Another important change is the 'Self-Instruct' method where AI makes its own study materials and develops. Self-Instruct is a method where humans first present only a few questions and answers, then AI directly creates new questions and answers in similar format. For example, humans give instruction documents like "explain the names and characteristics of solar system planets" and a few examples, then AI automatically creates questions and answers like "What are the characteristics of Jupiter?", "Why does Saturn have rings?" and learns again using those questions and answers. It's similar to a student looking at a few example problems in a textbook and making similar practice problems themselves to study.

Finally, the method of actively utilizing external knowledge has become very important in recent AI. A representative example is the 'Retrieval-Augmented Generation (RAG)' method. RAG is a method where AI doesn't just use its own internal memory when generating answers, but like a person searching for information on Google or Naver when curious, searches for needed information from external internet or databases, references it, and then gives answers. For example, when receiving a question like "What is the population of Seoul, South Korea in 2025?", AI can directly search for the latest materials on the internet and generate accurate answers based on these. This method is very usefully used in situations where the latest accurate information is important.

This way, AI development that began with self-supervised learning has now advanced to the stage capable of going beyond just well handling data to communicating better with humans, creating problems itself and learning, and actively utilizing external knowledge. These changes are becoming important technological foundations that make AI we will meet in the future more smart, kind, and trustworthy entities.

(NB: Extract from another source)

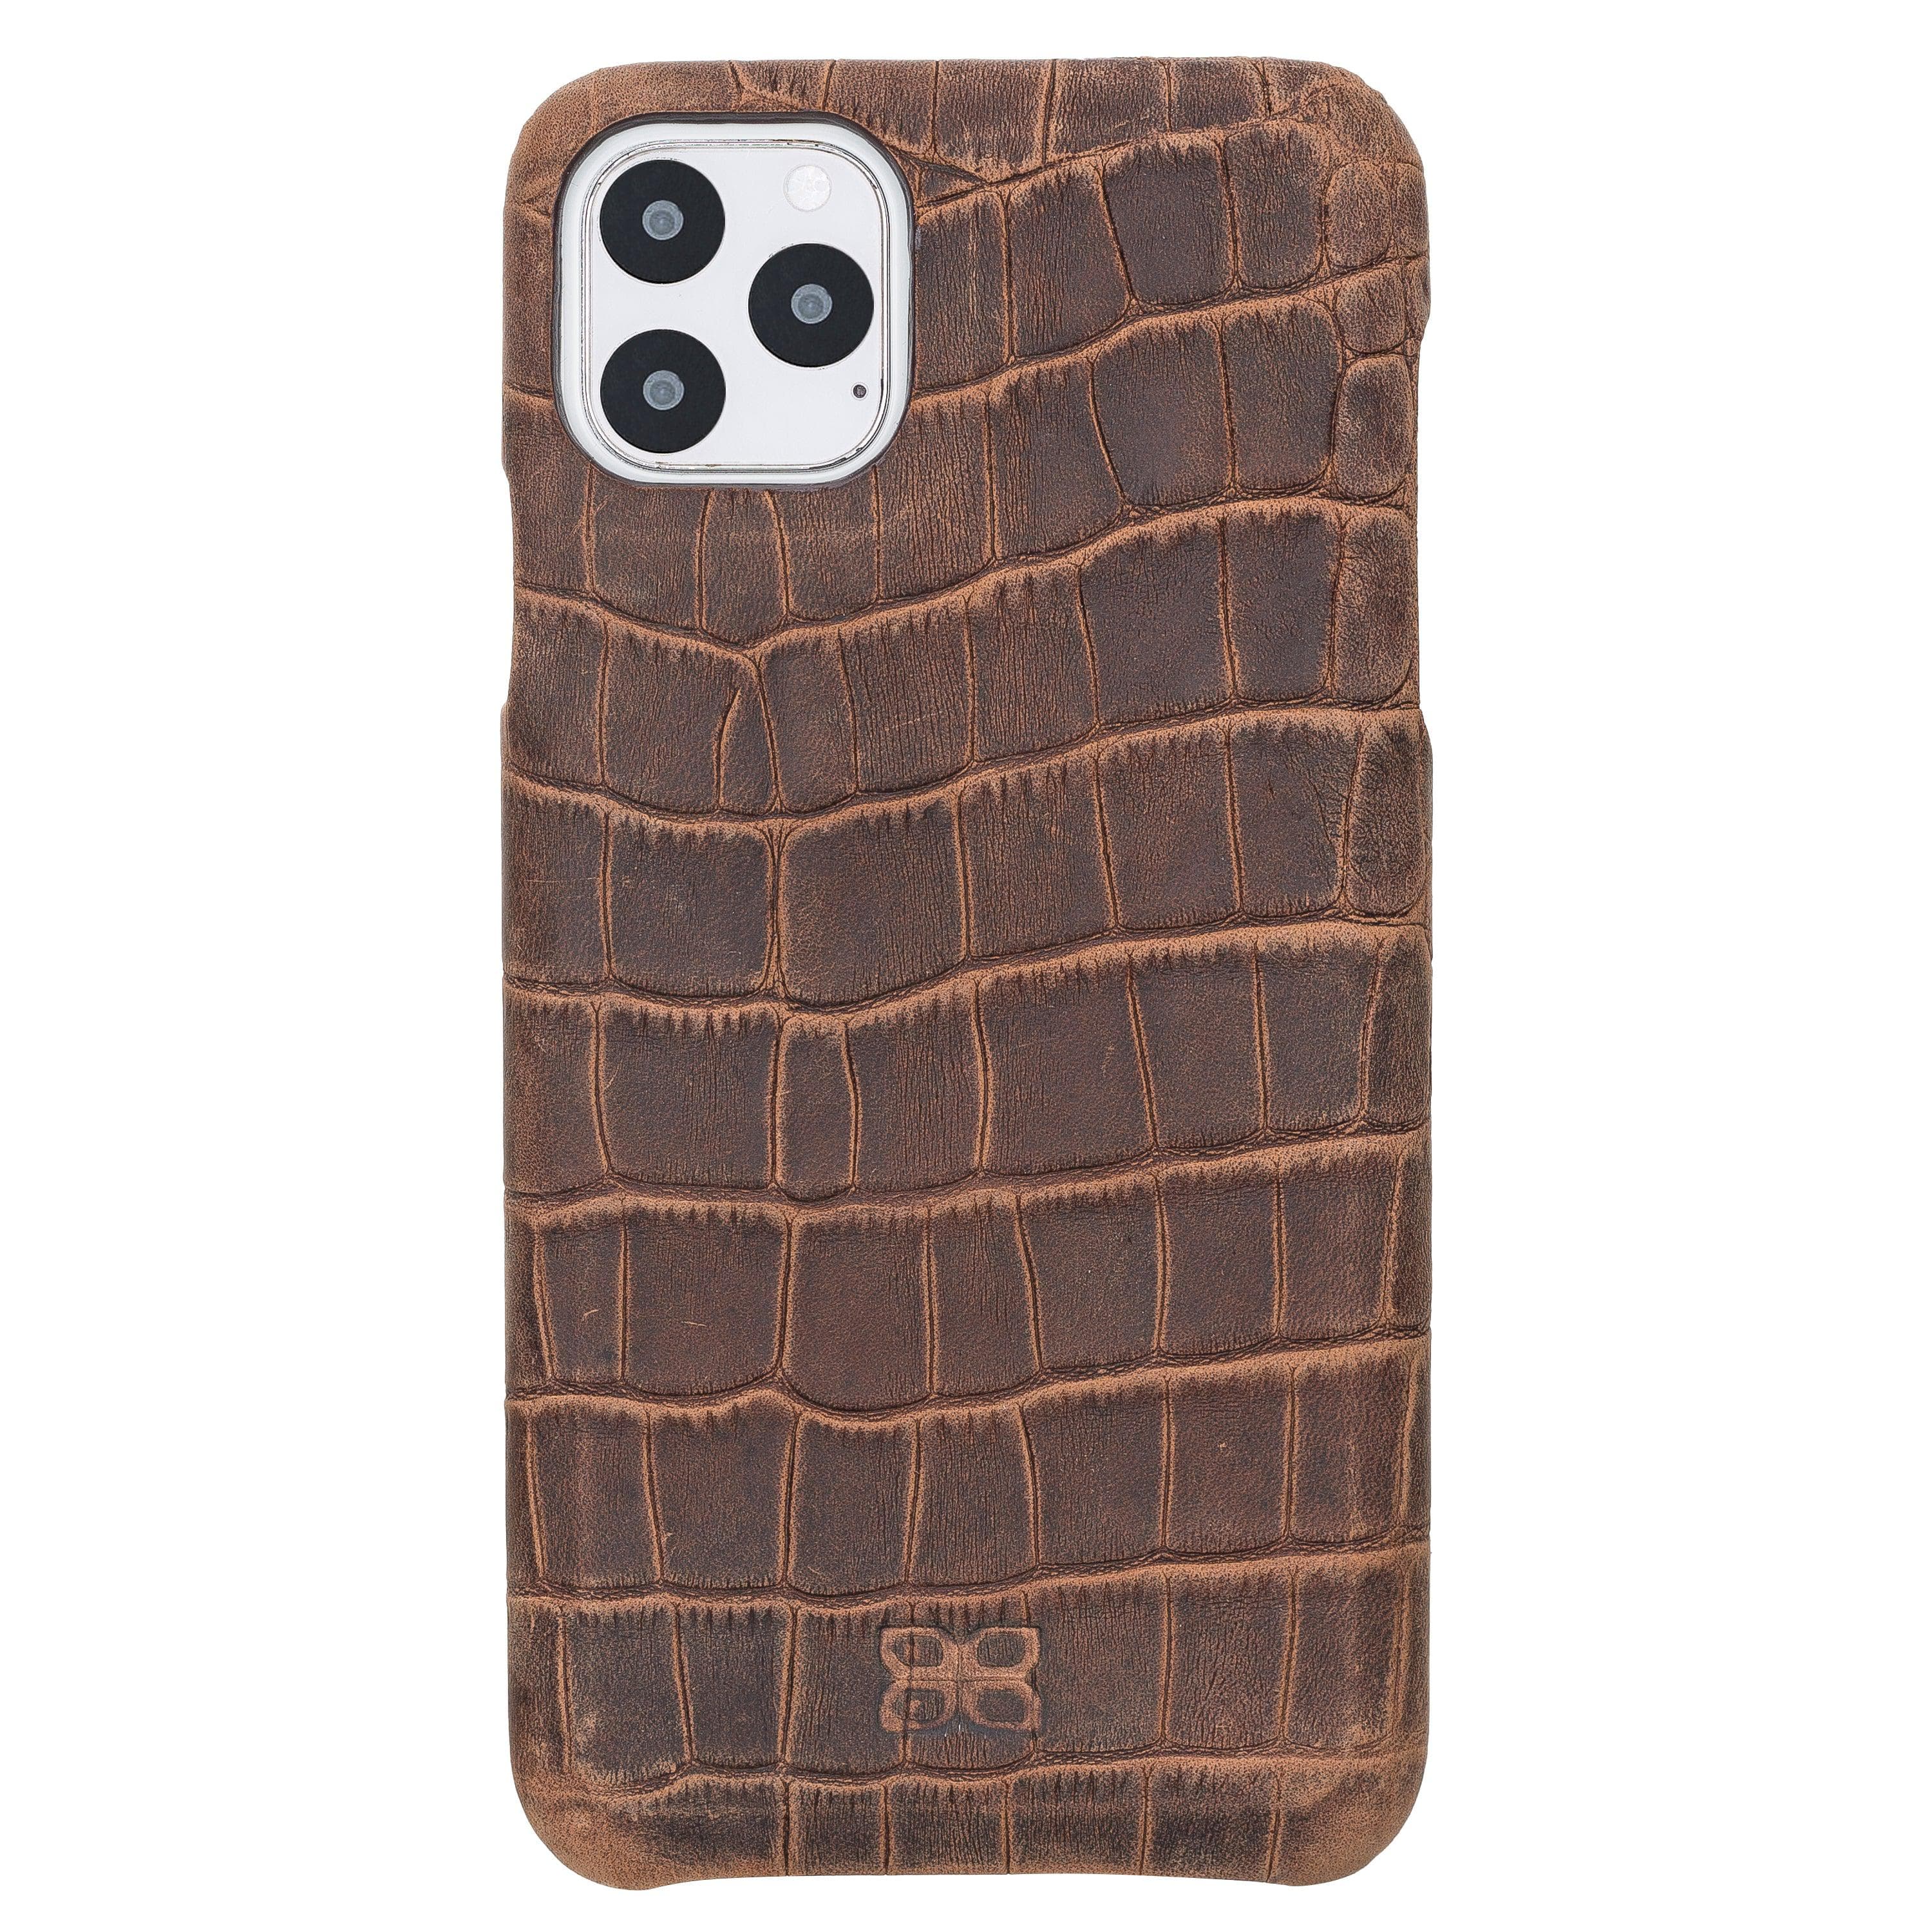 Bouletta Fully Leather Back Cover for Apple iPhone 11 Series İPhone 11 Pro Max / Dragon Brown Bouletta LTD

Connecting AI's Present and Future

Until now we have step by step examined how AI has developed. AI's history can be seen not just as a process of technology accumulating but as a history of how the very learning method itself has continuously evolved. Starting from the very simple artificial neural network structure called perceptron, it has now grown into extremely complex and enormous models with tens of billions of connections. Current AI has become smart enough to simultaneously understand not just text or images but both together and create new content, and to even independently judge complex situations to a level similar to humans.

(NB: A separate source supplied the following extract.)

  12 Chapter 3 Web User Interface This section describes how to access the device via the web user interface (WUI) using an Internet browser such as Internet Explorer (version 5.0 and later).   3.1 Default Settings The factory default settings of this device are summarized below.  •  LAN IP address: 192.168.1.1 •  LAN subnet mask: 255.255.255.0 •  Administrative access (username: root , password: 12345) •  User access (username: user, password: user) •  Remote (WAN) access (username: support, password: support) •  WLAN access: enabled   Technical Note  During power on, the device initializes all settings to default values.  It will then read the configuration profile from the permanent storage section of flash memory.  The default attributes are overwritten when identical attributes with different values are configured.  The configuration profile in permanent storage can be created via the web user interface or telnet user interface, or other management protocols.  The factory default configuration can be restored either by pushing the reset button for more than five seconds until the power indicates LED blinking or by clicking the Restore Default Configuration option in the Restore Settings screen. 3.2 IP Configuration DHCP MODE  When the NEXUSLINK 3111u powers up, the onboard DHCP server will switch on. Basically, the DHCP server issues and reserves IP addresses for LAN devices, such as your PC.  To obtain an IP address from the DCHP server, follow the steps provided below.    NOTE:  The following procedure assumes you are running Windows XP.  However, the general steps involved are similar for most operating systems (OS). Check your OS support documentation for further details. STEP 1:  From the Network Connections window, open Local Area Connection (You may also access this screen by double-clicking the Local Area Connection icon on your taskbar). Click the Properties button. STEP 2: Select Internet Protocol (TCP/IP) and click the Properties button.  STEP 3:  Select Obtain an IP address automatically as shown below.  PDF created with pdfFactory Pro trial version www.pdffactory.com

Particularly what became a major turning point in this process was the emergence of self-supervised learning. Thanks to self-supervised learning, enormous amounts of data could be utilized without human help. As a result, the endless and wide information repository called the internet became the best textbook for AI. When this happened, AI began advancing in the direction of 'general-purpose AI' capable of demonstrating good performance in multiple fields simultaneously.

To this, various methods have also recently appeared like reinforcement learning based on human feedback that helps AI communicate even more human-like. Also, methods of AI not immediately presenting only answers but explaining the process of getting those answers step by step like a human, and methods of AI finding and bringing needed information from outside are also being actively researched. This way AI is increasingly developing into a system capable of thinking and speaking like a person, not just stopping at guessing correct answers.

Today's AI is no longer a simple tool. It has become a complex being that understands human speech, accurately grasps what we want, looks up what it doesn't know, and kindly explains the thought process until giving an answer. And at the center of such complex capabilities, the steady effort of always learning from data and trying to advance further is firmly placed.

In the next chapter, we will learn about how these developed AI models can learn faster and more efficiently in actual reality. Now making models unconditionally large is not the solution. Various research is being conducted on how to make things faster with less data, less cost and time while producing the same performance. In other words, we are now moving from the stage of 'scaling' AI to one more step of 'optimizing' AI more efficiently and practically.